● Task instructions
The expected result is the segment of the entries that begins with the line containing "Cannabis - Droge oder Wundermittel?" and ends with the last line, copied verbatim.

● Recorded data
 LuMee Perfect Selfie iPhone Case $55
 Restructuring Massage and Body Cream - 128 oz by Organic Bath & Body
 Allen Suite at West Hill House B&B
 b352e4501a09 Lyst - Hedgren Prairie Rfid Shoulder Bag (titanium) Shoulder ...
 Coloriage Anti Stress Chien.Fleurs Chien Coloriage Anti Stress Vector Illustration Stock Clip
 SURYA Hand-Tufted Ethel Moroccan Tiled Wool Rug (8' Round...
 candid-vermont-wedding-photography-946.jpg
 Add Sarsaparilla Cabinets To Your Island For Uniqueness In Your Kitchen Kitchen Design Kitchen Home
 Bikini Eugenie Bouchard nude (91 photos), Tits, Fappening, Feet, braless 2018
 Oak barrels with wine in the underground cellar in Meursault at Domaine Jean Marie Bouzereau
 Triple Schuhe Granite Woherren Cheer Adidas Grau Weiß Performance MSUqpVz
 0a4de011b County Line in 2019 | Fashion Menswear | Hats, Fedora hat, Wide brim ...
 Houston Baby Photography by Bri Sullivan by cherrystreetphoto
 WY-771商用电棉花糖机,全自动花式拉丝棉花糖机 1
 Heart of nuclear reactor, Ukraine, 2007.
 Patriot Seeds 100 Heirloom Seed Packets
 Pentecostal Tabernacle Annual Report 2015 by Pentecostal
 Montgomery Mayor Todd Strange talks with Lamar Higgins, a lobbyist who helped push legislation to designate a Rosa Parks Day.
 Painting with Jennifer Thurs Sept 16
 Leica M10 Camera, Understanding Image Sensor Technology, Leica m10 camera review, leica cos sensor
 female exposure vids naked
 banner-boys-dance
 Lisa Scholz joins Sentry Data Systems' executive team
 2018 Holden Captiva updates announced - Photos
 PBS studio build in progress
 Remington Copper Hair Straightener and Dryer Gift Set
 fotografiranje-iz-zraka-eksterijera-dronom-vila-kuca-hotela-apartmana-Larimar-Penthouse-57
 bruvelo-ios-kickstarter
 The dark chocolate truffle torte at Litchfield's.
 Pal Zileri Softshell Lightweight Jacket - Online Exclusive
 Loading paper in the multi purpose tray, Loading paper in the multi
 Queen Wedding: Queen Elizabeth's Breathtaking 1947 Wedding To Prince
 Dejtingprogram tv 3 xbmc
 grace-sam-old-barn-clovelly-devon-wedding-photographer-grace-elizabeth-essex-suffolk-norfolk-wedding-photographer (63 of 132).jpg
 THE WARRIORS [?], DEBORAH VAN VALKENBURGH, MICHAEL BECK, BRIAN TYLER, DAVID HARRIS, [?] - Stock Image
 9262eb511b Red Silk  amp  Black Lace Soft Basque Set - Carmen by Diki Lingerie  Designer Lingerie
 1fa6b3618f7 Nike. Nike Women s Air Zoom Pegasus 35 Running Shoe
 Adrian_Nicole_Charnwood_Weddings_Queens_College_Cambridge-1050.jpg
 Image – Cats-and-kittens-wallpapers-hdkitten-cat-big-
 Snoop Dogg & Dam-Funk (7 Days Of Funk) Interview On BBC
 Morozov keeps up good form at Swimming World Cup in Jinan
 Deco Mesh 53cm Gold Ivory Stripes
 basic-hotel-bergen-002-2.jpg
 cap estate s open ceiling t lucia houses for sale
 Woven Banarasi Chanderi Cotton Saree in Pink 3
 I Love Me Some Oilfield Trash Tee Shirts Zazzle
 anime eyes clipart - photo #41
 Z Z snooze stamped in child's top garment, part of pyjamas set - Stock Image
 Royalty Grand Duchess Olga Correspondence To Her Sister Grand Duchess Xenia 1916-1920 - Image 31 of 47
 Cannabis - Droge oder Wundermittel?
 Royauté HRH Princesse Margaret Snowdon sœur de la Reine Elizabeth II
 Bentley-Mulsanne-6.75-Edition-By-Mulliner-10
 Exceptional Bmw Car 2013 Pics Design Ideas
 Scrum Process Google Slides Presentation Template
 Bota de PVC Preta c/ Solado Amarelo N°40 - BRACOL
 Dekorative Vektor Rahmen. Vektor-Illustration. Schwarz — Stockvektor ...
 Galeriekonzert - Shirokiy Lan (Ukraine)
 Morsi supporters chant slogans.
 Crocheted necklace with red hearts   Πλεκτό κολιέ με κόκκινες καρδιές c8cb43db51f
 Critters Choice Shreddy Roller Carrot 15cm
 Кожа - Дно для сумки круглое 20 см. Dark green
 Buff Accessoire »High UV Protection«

● Reply
 Cannabis - Droge oder Wundermittel?
 Royauté HRH Princesse Margaret Snowdon sœur de la Reine Elizabeth II
 Bentley-Mulsanne-6.75-Edition-By-Mulliner-10
 Exceptional Bmw Car 2013 Pics Design Ideas
 Scrum Process Google Slides Presentation Template
 Bota de PVC Preta c/ Solado Amarelo N°40 - BRACOL
 Dekorative Vektor Rahmen. Vektor-Illustration. Schwarz — Stockvektor ...
 Galeriekonzert - Shirokiy Lan (Ukraine)
 Morsi supporters chant slogans.
 Crocheted necklace with red hearts   Πλεκτό κολιέ με κόκκινες καρδιές c8cb43db51f
 Critters Choice Shreddy Roller Carrot 15cm
 Кожа - Дно для сумки круглое 20 см. Dark green
 Buff Accessoire »High UV Protection«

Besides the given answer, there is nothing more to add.